Big Red was a 1983 Ford Econoline, painted bright red but with a tan interior. Dad had wired a pair of mysterious plastic toggle switches into the dash beside the radio, the purpose of which was clear to him – and only him. The van had two bucket seats up front, a wooden cupholder installed on the dash, and two full rows of bench seats accessible from the giant sliding door. Behind the rear bench seat was enough space for a couple kids to stretch out and sleep on the floor, nestled between Dad's toolboxes. With one of the bench seats removed, you could haul a stack of plywood sheets and some cinderblocks in back, with room for four kids to sit on the remaining bench seat with Cokes in one hand and a pack of sandwich crackers in the other. When you're around for two days every week and the house is twelve miles from town, you have to make every trip count.
It took a sizable heart to move those five thousand pounds of steel.
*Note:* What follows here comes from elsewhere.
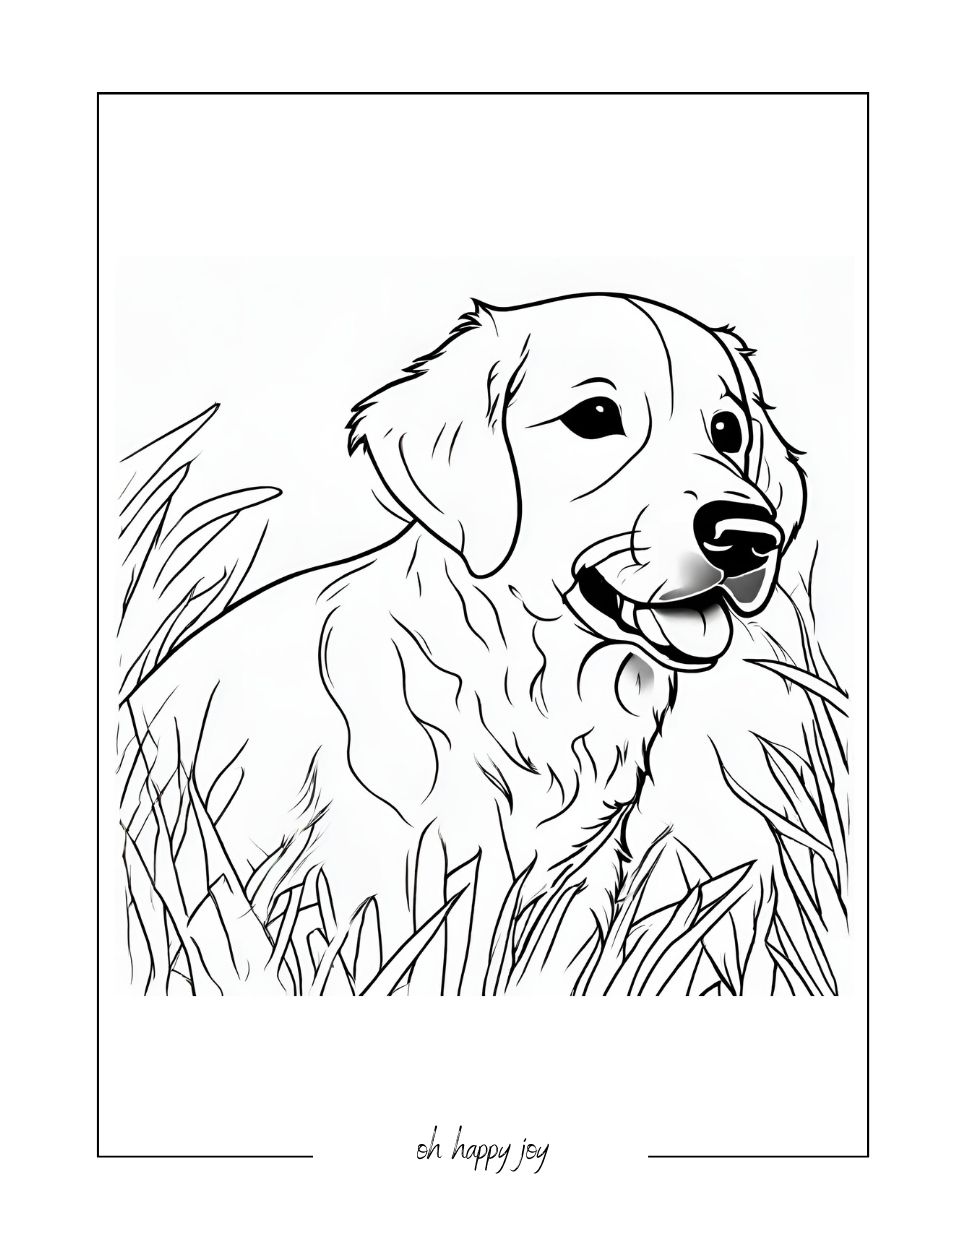 golden retriever in grass coloring page
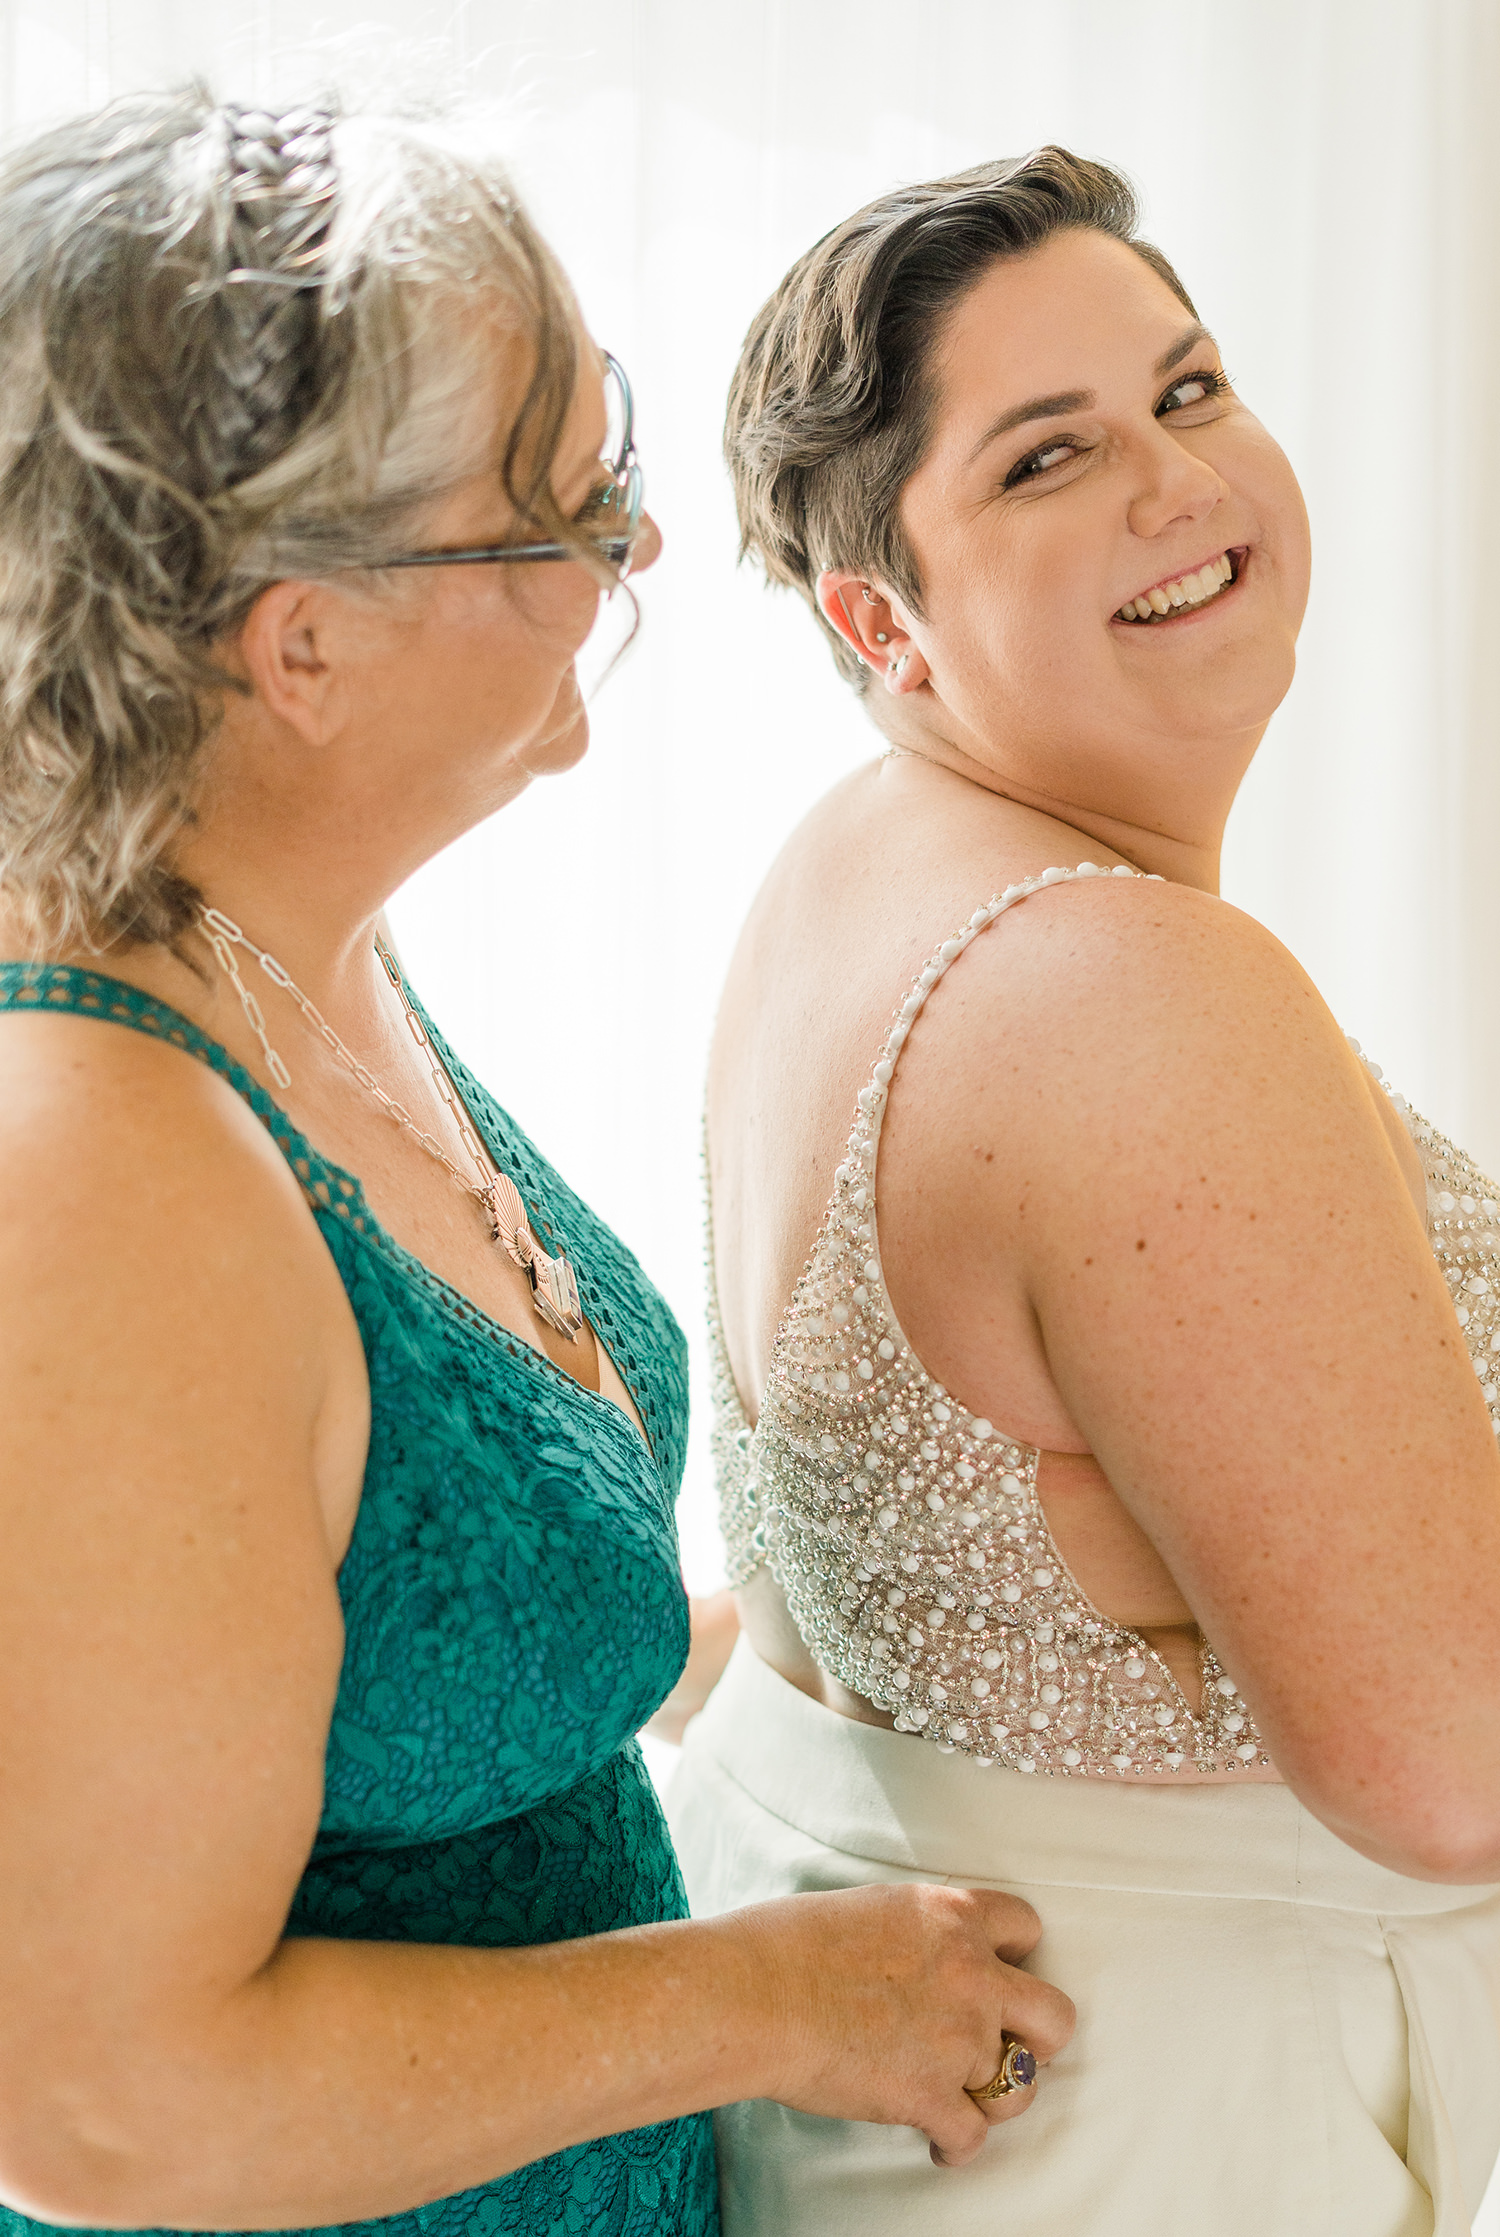 bridal portraits at an lgbtq private estate capay wedding by Adrienne and Dani Photography

A six-liter carbureted engine ("I can't work on a car with a damn computer in it," Dad would complain) turned the wheels through a three-speed automatic transmission. Deep and thrumming with a smoothly growling cadence that rose pitch lazily with the incline of the road, you'd feel the motor in your chest as much as hear it. Saturday mornings we'd jump out of our beds, yelling for Dad as we ran to the master bedroom. Usually he'd already be awake sipping coffee with Mom, and us kids would clamber all over each other to be first to tell Dad about the events of the week while pilfering the Little Debbie cakes from his suitcase.
We'd try not to ask right away, but Dad knew what we wanted: a ride to Lexington in the Big Red Van, to spend allowance and maybe get breakfast in town if the stars aligned. Whatever the errand, we took the van whenever possible. With gas around a buck fifteen per gallon, who cared about the five extra emm-pee-gees the station wagon got? Like safety, nobody had thought to check on the environment or climate change yet. We'd throw the week's laundry in the back and drive out to the laundromat, usually one in Lexington, or later on the nice new place that opened on the hill overlooking Interstate 81 in Fairfield. Afterward we'd cruise through the backroads to Goshen, the steamy scent of fresh laundry mingling with petrochemical smells from Big Red and Dad's heavy mechanic's blanket folded in the space between the toolbox and the wheel-well. We'd grab a soda and a pack of crackers and eat them parked overlooking the Maury river, the van's big sliding door open, our butts on the step and our legs dangling above the asphalt.
Man, there might never have been a better vehicle. Try and have a childhood like that in a RAV4. Of course, not being glued to our phones for every minute of our drive was a help.